The Ethics of Facebook’s Justifications to Exempt Hate and Lies by Politicians

Nick Clegg

Nick Clegg

Subramaniam Vincent

Nick Clegg, vice president of Global Affairs and Communications at Facebook (Photo Credit: AP Images)

Subramaniam Vincent is the director of Journalism & Media Ethics at the Markkula Center for Applied Ethics at Santa Clara University. Views are his own. 

When it comes to political conversations on social media, we know that humanity has been on a slippery slope. But how we make ethical justifications for new decisions while on this slope determines whether we’re going to slide further down or climb up. With Nick Clegg’s speech on Facebook’s new exemption for “politicians,” we slid. 

Clegg, former deputy prime minister of the UK and now vice president of Global Affairs and Communications at Facebook gave a speech on September 24th in Washington DC that included announcements about Facebook’s exemptions for politicians’ “speech.” Clegg’s own speech was part announcement, part pronouncement, part emphasis and part justification, all in one smooth act. Central to his statement was that speech by “politicians” has been added to Facebook’s newsworthiness exemption even when it violates their community standards. That Facebook chose a former politician himself to make this announcement is an irony lost on no one. As I write this, the U.S. media was going with the narrative that Facebook has decided to give politicians a free pass—a pass to politicians of various hues to spread fake news, conspiracy, and lies to further their own narratives.

Before we make sense of all this, let’s pretend that Nick Clegg is giving us a ghost interview. On your behalf, I’ll be the ghost and will lay out a set of easy questions. We will use his speech to carve up the answers, and then we’ll get to what is spectacularly worrisome about several justifications Clegg laid out. (Note again: This is not a real interview. The answers are real, the questions are not.)

What did Facebook announce?

Clegg: “Today, I announced that from now on we will treat speech from politicians as newsworthy content that should, as a general rule, be seen and heard.”

Yes, but what is the newsworthiness exemption?

Clegg: “This means that if someone makes a statement or shares a post which breaks our community standards we will still allow it on our platform if we believe the public interest in seeing it outweighs the risk of harm.”

Wait…really? Are you saying that disinformation, when shared by politicians now gets a free pass?

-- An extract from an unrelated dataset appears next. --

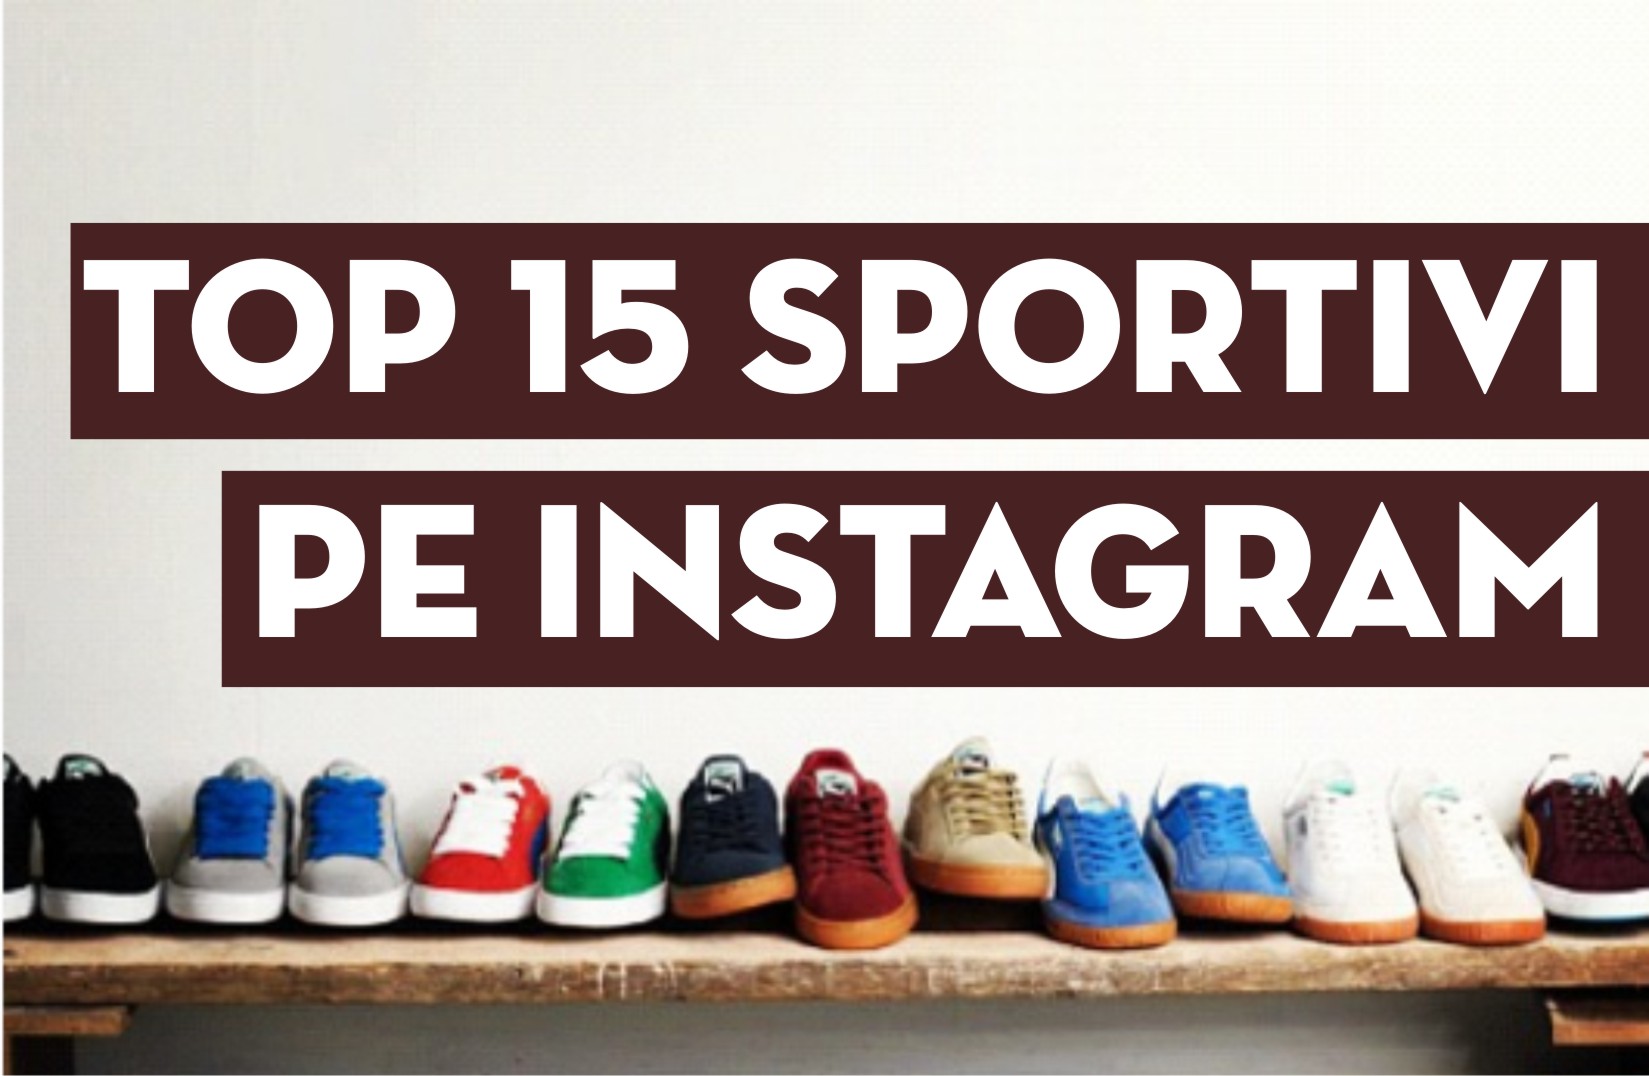 Ce sportivi merită urmăriţi pe Instagram?

Clegg: “However, when a politician shares previously debunked content including links, videos, and photos, we plan to demote that content, display related information from fact-checkers, and reject its inclusion in advertisements.” 

What was your policy before this?

Facebook already exempts politicians from their third-party fact-checking program. 

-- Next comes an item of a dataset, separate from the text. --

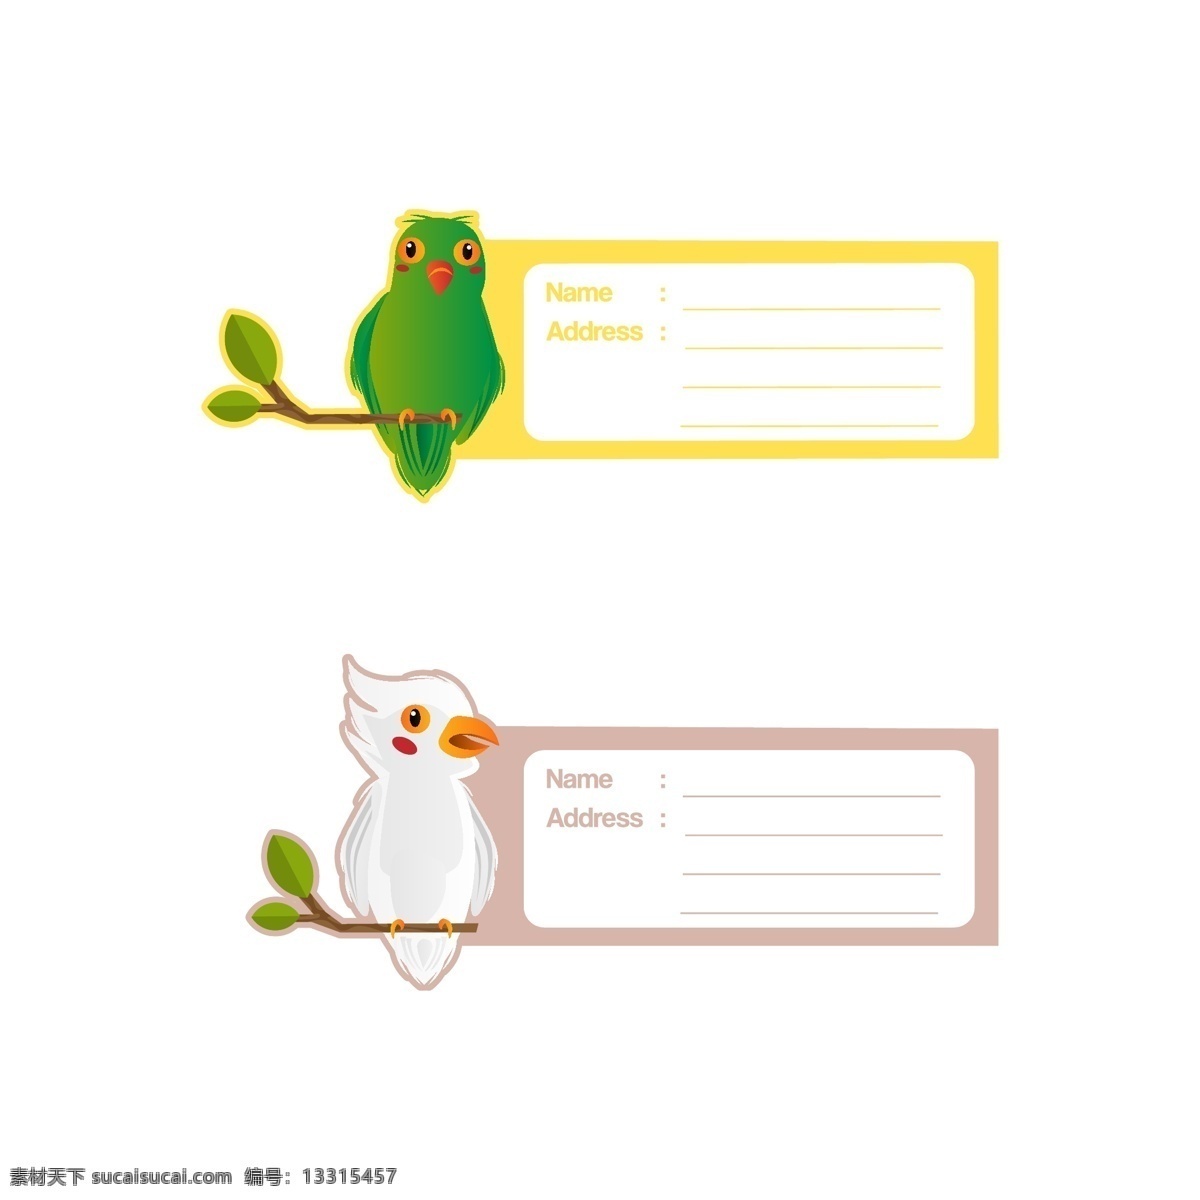 卡通 动物 卡片 卡通动物卡片 手绘 可爱 动物素材 小鸟 卡通动物生物 卡通设计

Clegg: “We do not submit speech by politicians to our independent fact-checkers, and we generally allow it on the platform even when it would otherwise breach our normal content rules.” 

“We have had this policy on the books for over a year now, posted publicly on our site under our eligibility guidelines.”

Now let’s get to the justifications. Mr. Clegg, why is Facebook doing this?

Clegg: “We don’t believe, however, that it’s an appropriate role for us to referee political debates and prevent a politician’s speech from reaching its audience and being subject to public debate and scrutiny.”

“To use tennis as an analogy, our job is to make sure the court is ready—the surface is flat, the lines painted, and the net at the correct height. But we don’t pick up a racket and start playing. How the players play the game is up to them, not us.”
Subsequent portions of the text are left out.